Is there an arguable case that the General Division overlooked some of the evidence?

[16] The Claimant argues that the General Division overlooked some of the evidence. She says that the General Division should have recognized the differences between her accommodation period and the point when her employer no longer accommodated her.

[17] However, this would have made no difference to the General Division’s finding as to whether there was misconduct because the accommodation issue was irrelevant to the misconduct question.

[18] The Claimant also suggests that, because her employer led her to believe that it would continue to accommodate her, she was unaware and did not know that her employer could dismiss her from her employment for not complying with its vaccination policy.

[19] The General Division addressed this point. The General Division noted the evidence, that on April 20, 2022, the employer wrote and asked whether the Claimant still qualified for an accommodation.Footnote 6 The General Division also noted that the employer wrote on May 17, 2022, advising that it would not continue her accommodation after May 31, 2022. If she was not fully vaccinated by then, it would suspend her. And, if she did not have a plan or intention to get vaccinated by July 4, 2022, it would dismiss her from her employment.Footnote 7

[20] It is clear from the evidence that the employer let the Claimant know that if she did not comply with her employer’s vaccination policy or receive an accommodation, that the employer would place the Claimant on an unpaid administrative leave effective June 1, 2022. The employer also let her know that, if by July 4, 2022, the Claimant had no plan or any intention to become fully immunized, it would terminate her employment for not complying with its vaccination policy.

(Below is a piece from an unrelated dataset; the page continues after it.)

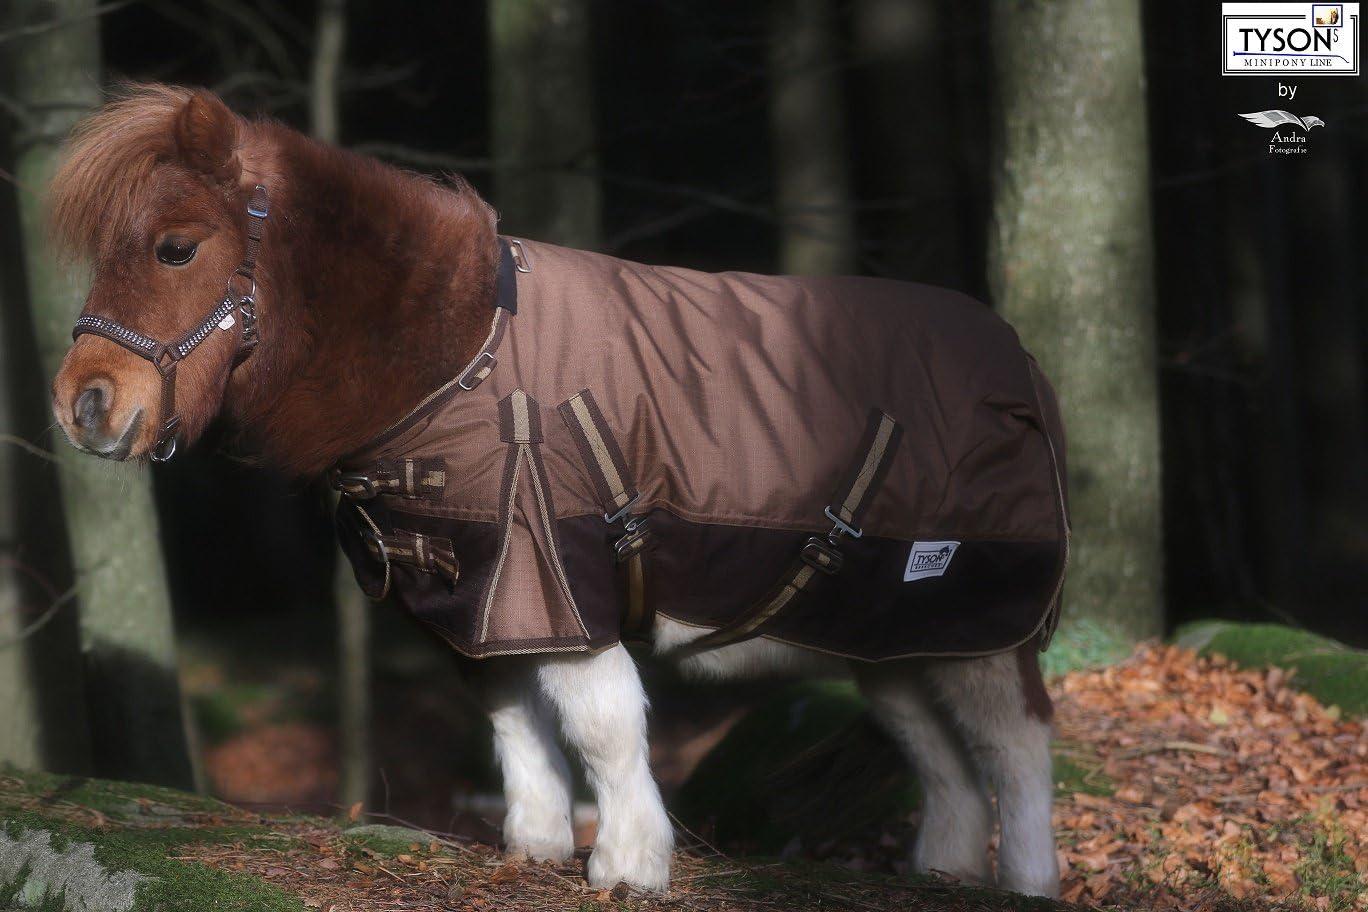 1200 D Outdoordecke Regendecke Braun ohne F/üllung Minishetty Minipony Mini Shetty 65 70 75 80 85 90 95 100 Tysons

The evidence also shows that the employer did not hold out to the Claimant that she could expect an ongoing accommodation.

[21] Given the evidence before it, the General Division was entitled to conclude that the Claimant knew or should have known that, unless she received an accommodation or complied with her employer’s vaccination policy, that dismissal was a possibility.

[22] This is not to say that the Claimant is without any recourse. She says that her employer breached her rights, but her options to pursue any remedies lie outside the Social Security Tribunal.

Conclusion

[23] I am not satisfied that the appeal has a reasonable chance of success. Permission to appeal is refused. This means that the appeal will not be going ahead.